10. Auditors should ascertain the processes by which data returns and monitoring information are compiled and document them to the extent necessary to enable an evaluation to be made of the adequacy of the existing controls used by the HEP to ensure that they produce accurate data returns and appropriately compile monitoring data. Examples of the controls that the audit would normally be expected to assess are set out for all the current funding streams, data returns and other areas of audit in the sections below. Many of the controls are common to the data returns for all areas of audit. However, not all of the areas of audit apply to all HEPs, and auditors should refer to the relevant paragraphs.

11. Auditors should note that there are some areas where HEPs may have to return estimates, where information is not known at the time of return or information is not available in the required form. Estimates can be made using methods suggested by Medr in its guidance, or if appropriate, HEPs can use their own methods. Where estimates have been made, auditors should review the methods used to calculate them, confirm that they are properly documented, reasonable, consistently applied and tested for reliability.

12. If a HEP is in the process of merging or has recently merged with one or more other HEPs, the auditor should ascertain if procedures have been put in place to integrate their data systems or otherwise ensure that returns for the whole merged HEP can be made.

13. In planning the audit, the Auditor should consider the findings and conclusions of any external and/or internal audit reports relating to systems and data returns for the HEP and any follow up reports and correspondence with management to assess the extent of implementation of the reports’ recommendations. It is expected that the audit reports will make reference to and comment upon the extent that recommendations made by auditors in the previous internal or external audit reports have been effectively implemented.

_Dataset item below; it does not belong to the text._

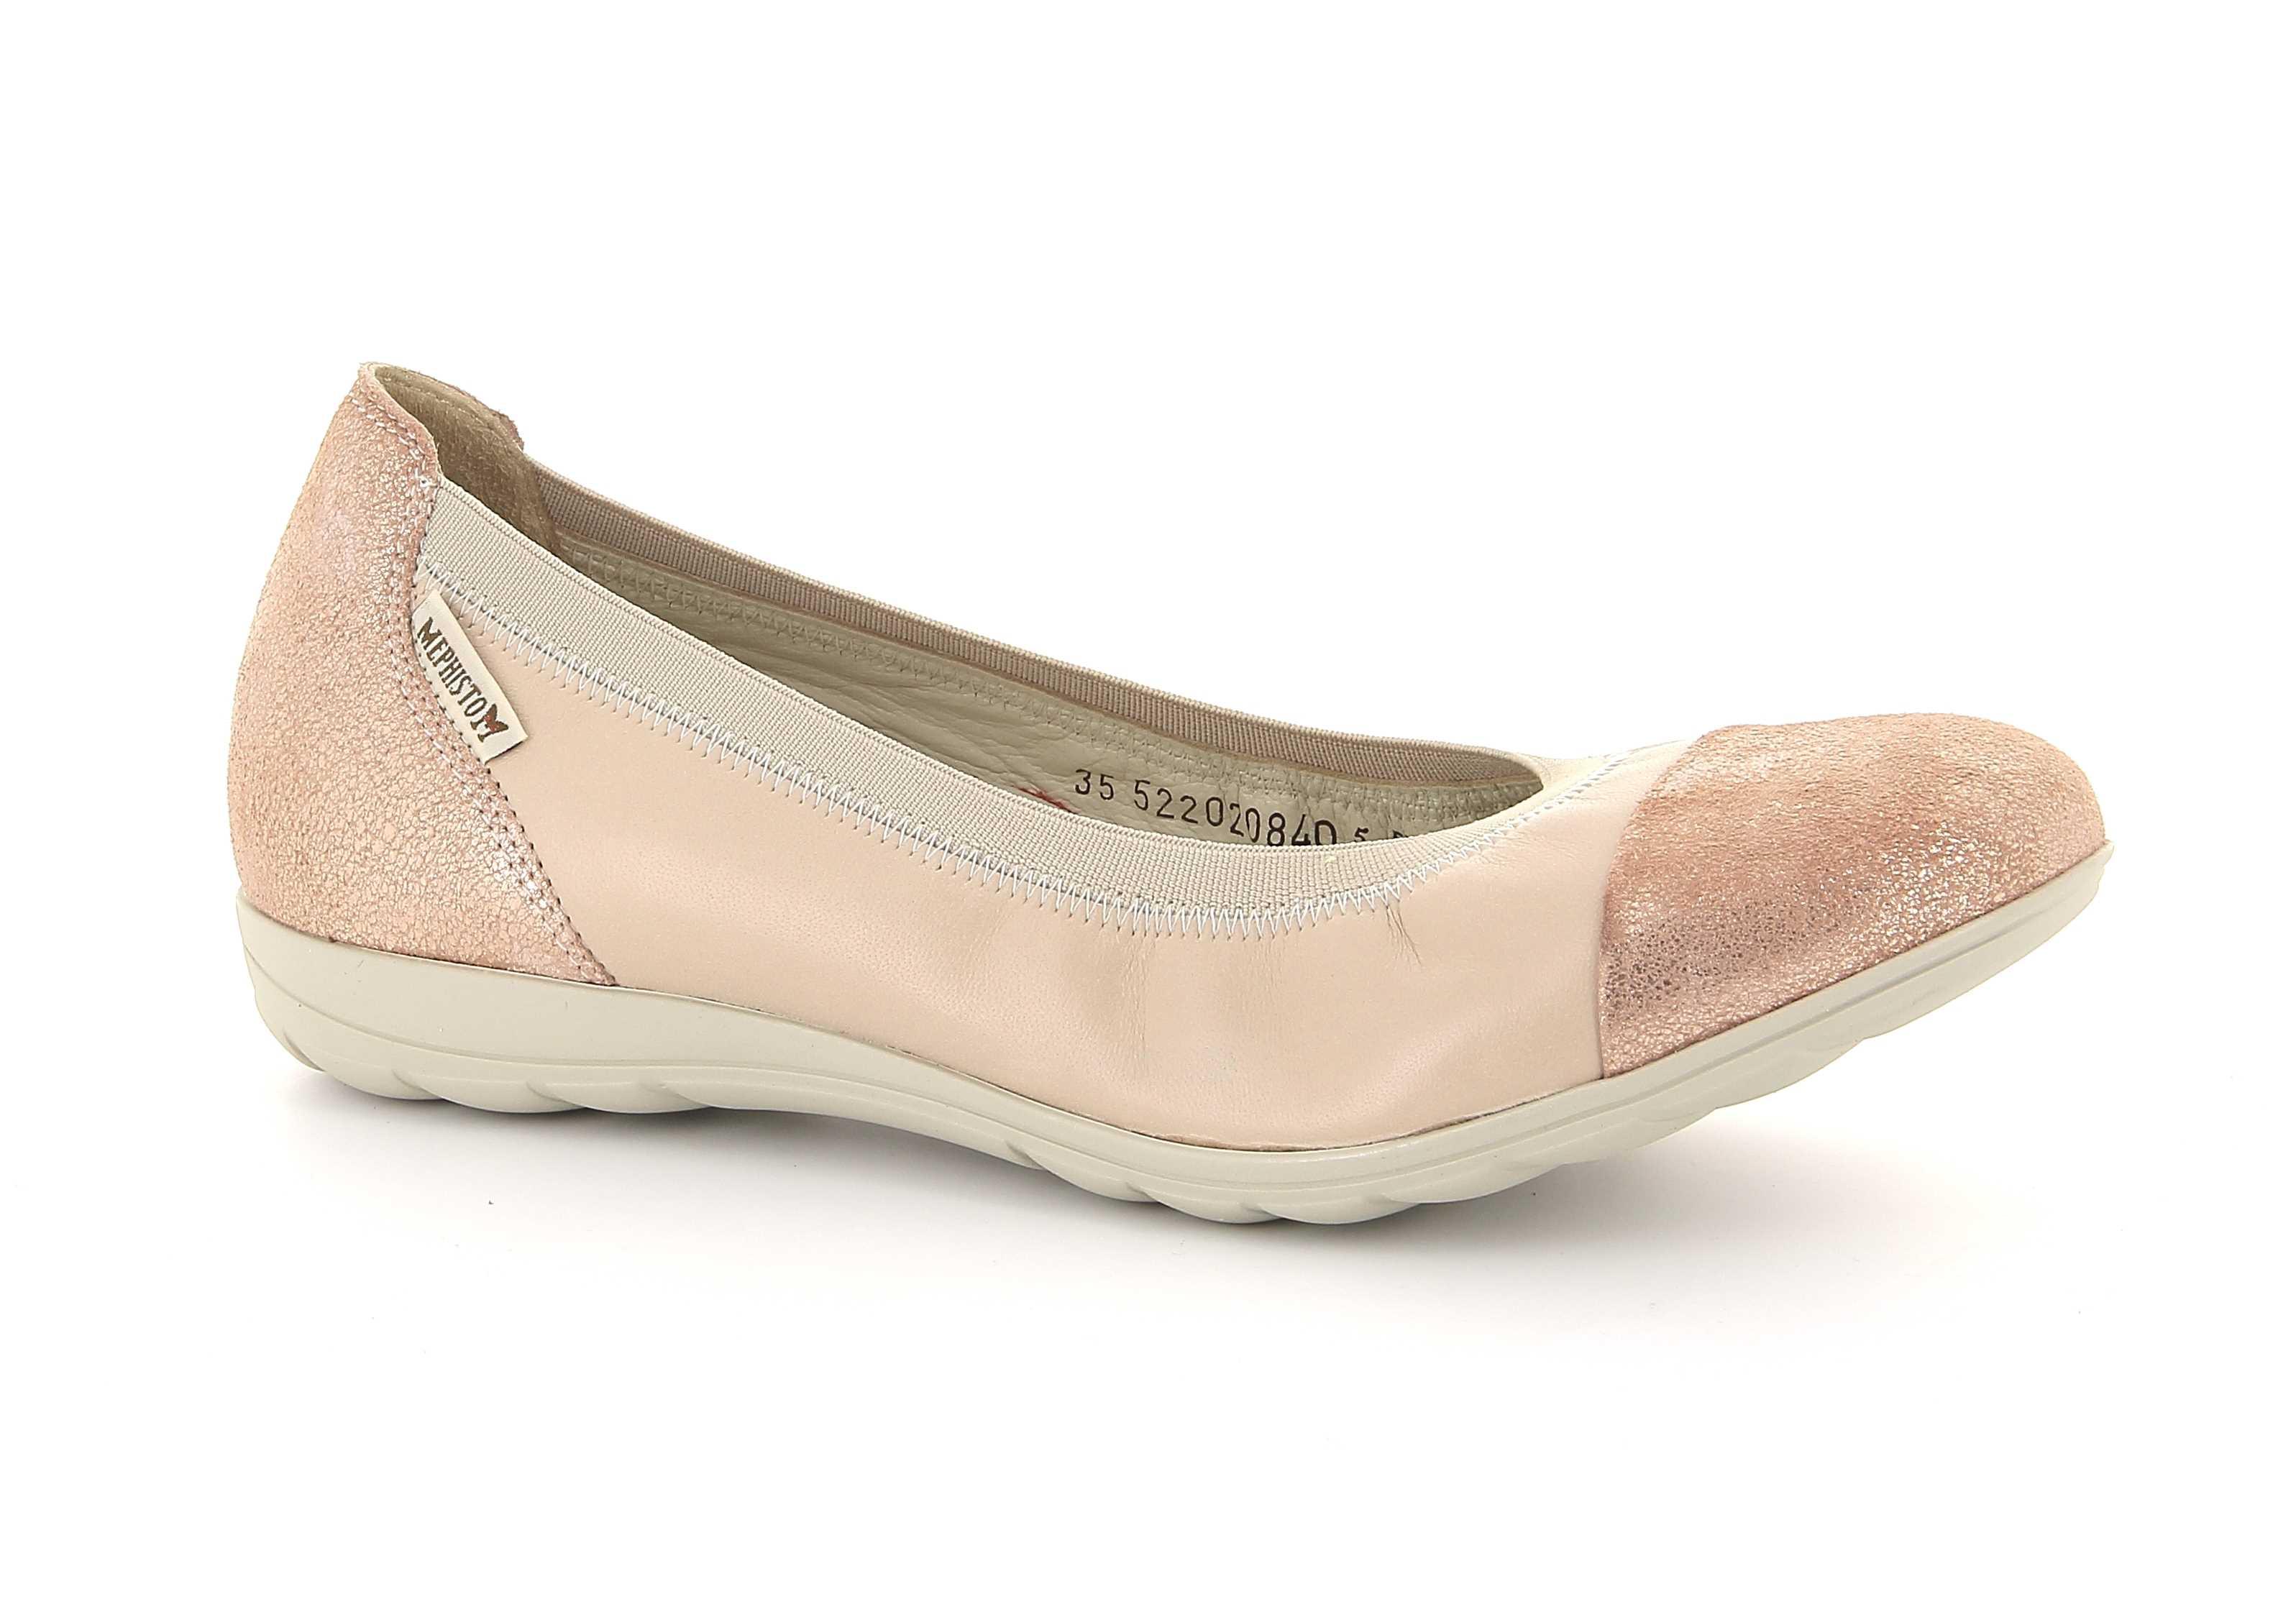 1b28d14be94c18 Mephisto-Shop chaussures confortables Ballerines femme - modèle ...

14. Additionally any data issues or errors notified either directly to Medr by the provider, or identified and communicated by Medr, should be referenced in the report together with any action taken to ensure that data systems and processes have been amended where appropriate to mitigate against any such errors in future. As explained in paragraph 9, there were difficulties with the implementation of the Data Futures programme. This led to multiple errors being flagged and tolerated or left open in the HESA student record issue management system (IMS) since 2022/23. We are not expecting auditors to review these errors, but would recommend any review for the HESA student record for the 2024/25 return focus instead on providers’ plans to review these errors and any action they might take to improve systems and processes moving into future HESA student record returns.

15. It is recommended that internal audit staff with some experience of the HE sector and associated data returns are involved in the visits to HEPs undertaken as part of the review and that auditors are sufficiently briefed on the guidance contained within this publication prior to carrying out the audit. In addition, auditors should make themselves aware of the UK-wide issues experienced with the implementation of Data Futures in 2022/23 and any issues experienced by the provider for the 2023/24 and 2024/25 returns. Advice and clarification relating to the guidance in this publication can be obtained from Medr via [email protected], and Medr staff are available to meet with internal audit staff if required.